關于格式的很多内容看起來似乎很随意,但 Audio File Services 提供了一個有趣函數,叫做
AudioFileGetGlobalInfo
,它給出的資訊不是關于單個檔案,而是關于 Core Audio 對音頻檔案的總體處理。下面是
AudioFileGetGlobalInfo
可以查詢的資訊:
kAudioFileGlobalInfo_ReadableTypes
kAudioFileGlobalInfo_WritableTypes
kAudioFileGlobalInfo_FileTypeName
kAudioFileGlobalInfo_AvailableStreamDescriptionsForFormat
kAudioFileGlobalInfo_AvailableFormatIDs
kAudioFileGlobalInfo_AllExtensions
kAudioFileGlobalInfo_AllHFSTypeCodes
kAudioFileGlobalInfo_AllUTIs
kAudioFileGlobalInfo_AllMIMETypes
kAudioFileGlobalInfo_ExtensionsForType
kAudioFileGlobalInfo_HFSTypeCodesForType
kAudioFileGlobalInfo_UTIsForType
kAudioFileGlobalInfo_MIMETypesForType
kAudioFileGlobalInfo_TypesForMIMEType
kAudioFileGlobalInfo_TypesForUTI
kAudioFileGlobalInfo_TypesForHFSTypeCode
kAudioFileGlobalInfo_TypesForExtension
例如
kAudioFileGlobalInfo_AvailableFormatIDs
,當給定檔案類型(AudioFileTypeID),它傳回一組
FormatID
,表示目前檔案類型所支援的資料格式。
下面舉個例子,展示如何使用
AudioFileGetGlobalInfo
擷取想要的資訊。
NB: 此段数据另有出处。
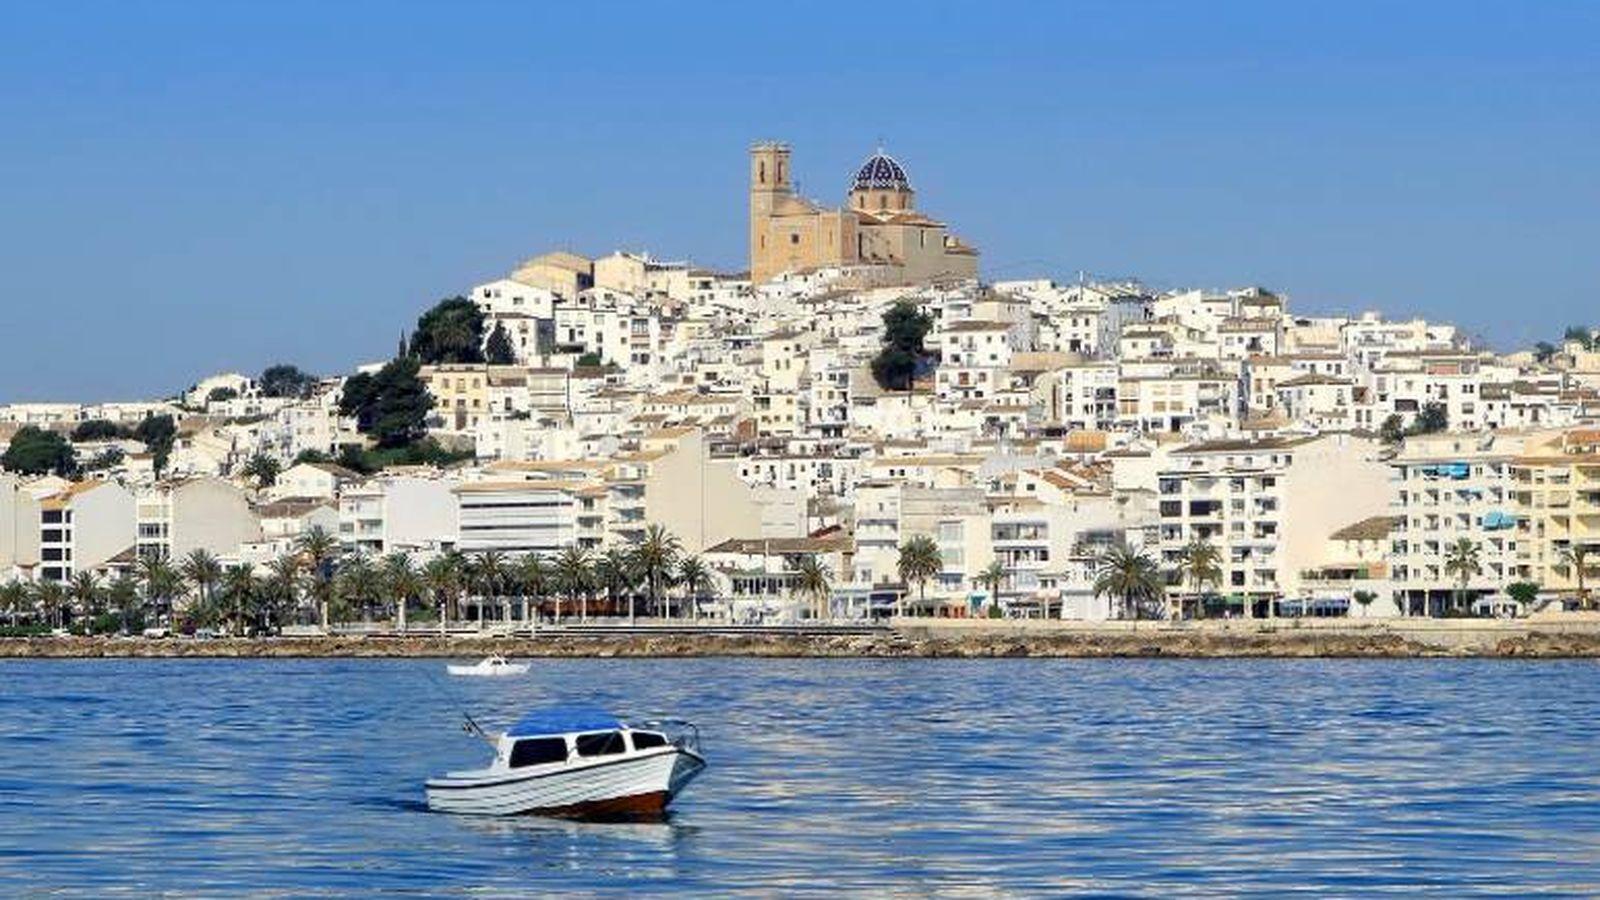 Foto: No está en el mar Egeo, sino en nuestro Mediterráneo: es Altea. (Foto: Hotel Tossal)
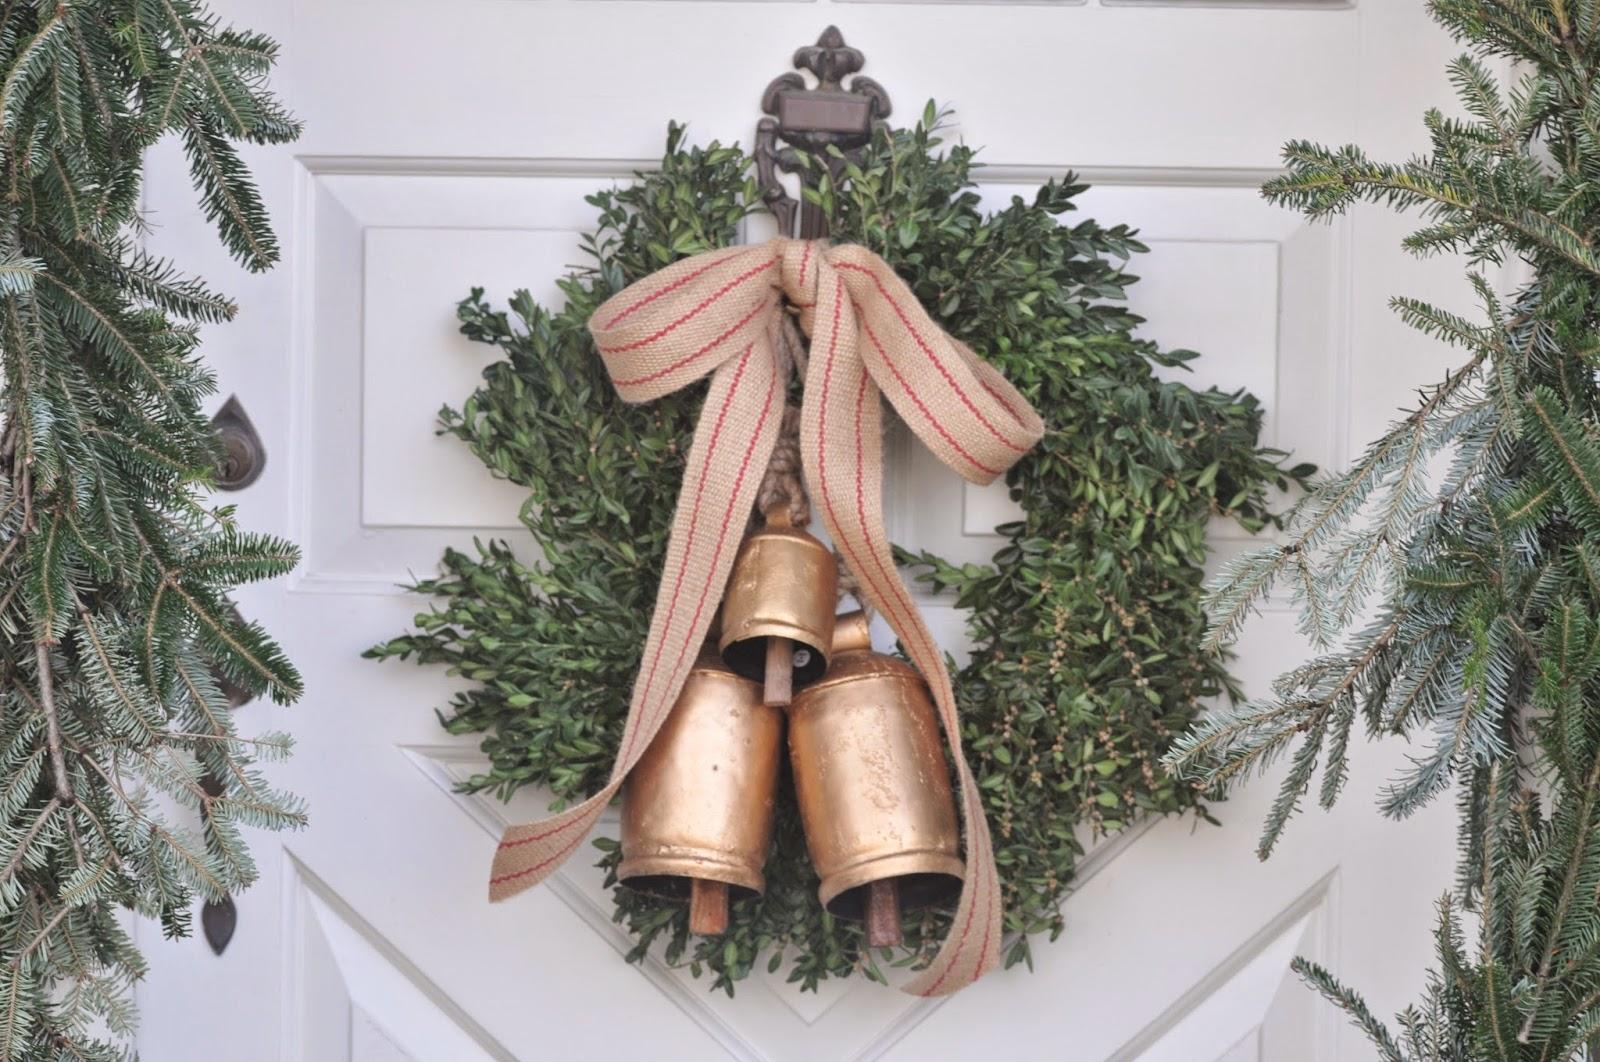 Dekoracje świąteczne na zewnątrz - jak ozdobić drzwi wejściowe do domu

假設我們想知道當檔案類型是
kAudioFileMPEG4Type
時,所支援的格式有哪些,我們可以這麼做:
OSStatus err;
UInt32 file_type = kAudioFileMPEG4Type;
UInt32 size;
err = AudioFileGetGlobalInfoSize(kAudioFileGlobalInfo_AvailableFormatIDs,
sizeof(UInt32),
&file_type,
&size);
auto* formats = (UInt32*)malloc(size);
err = AudioFileGetGlobalInfo(kAudioFileGlobalInfo_AvailableFormatIDs,
sizeof(UInt32),
&file_type,
&size,
formats);
int format_cnt = size / sizeof(UInt32);
for(int i = 0; i < format_cnt; ++i){
UInt32 format4cc = CFSwapInt32HostToBig(formats[i]);
cout << i << ": mFormatId: " << (char*)(&format4cc);
}
代碼輸出了十幾項,
kAudioFileMPEG4Type
所支援的格式類型相當豐富。
0: mFormatId: .mp1
1: mFormatId: .mp2
2: mFormatId: .mp3
3: mFormatId: aac
4: mFormatId: aace
5: mFormatId: aacf
6: mFormatId: aacg
7: mFormatId: aach
8: mFormatId: aac
9: mFormatId: aacp
10: mFormatId: ac-3
11: mFormatId: alac
12: mFormatId: ec-3
13: mFormatId: usac
如果是
kAudioFileAIFFType
呢?它支援一種格式:
0: mFormatId: lpcm
舉另一個例子,
kAudioFileGlobalInfo_AvailableStreamDescriptionsForFormat
,當給定檔案類型(AudioFileTypeID)和格式類型,它傳回一組
AudioStreamBasicDescription
并填寫以下字段:mFormatID、mFormatFlags、mBitsPerChannel。這些資訊對于寫入檔案非常有幫助,畢竟你肯定不想去茫茫文檔中找尋這些資訊。
AudioFileTypeAndFormatID file_type_and_format_id;
file_type_and_format_id.mFileType = kAudioFileAIFFType;
file_type_and_format_id.mFormatID = kAudioFormatLinearPCM;
err = AudioFileGetGlobalInfoSize(kAudioFileGlobalInfo_AvailableStreamDescriptionsForFormat,
sizeof(file_type_and_format_id),
&file_type_and_format_id,
&size);
auto *asbds = (AudioStreamBasicDescription*)malloc(size);
err = AudioFileGetGlobalInfo(kAudioFileGlobalInfo_AvailableStreamDescriptionsForFormat,
sizeof(file_type_and_format_id),
&file_type_and_format_id,
&size,
asbds);
int asbd_count = size / sizeof(AudioStreamBasicDescription);
for(int i = 0; i < asbd_count; ++i){
UInt32 format4cc = CFSwapInt32HostToBig(asbds[i].mFormatID);
cout << i << ": mFormatId: " << (char*)(&format4cc)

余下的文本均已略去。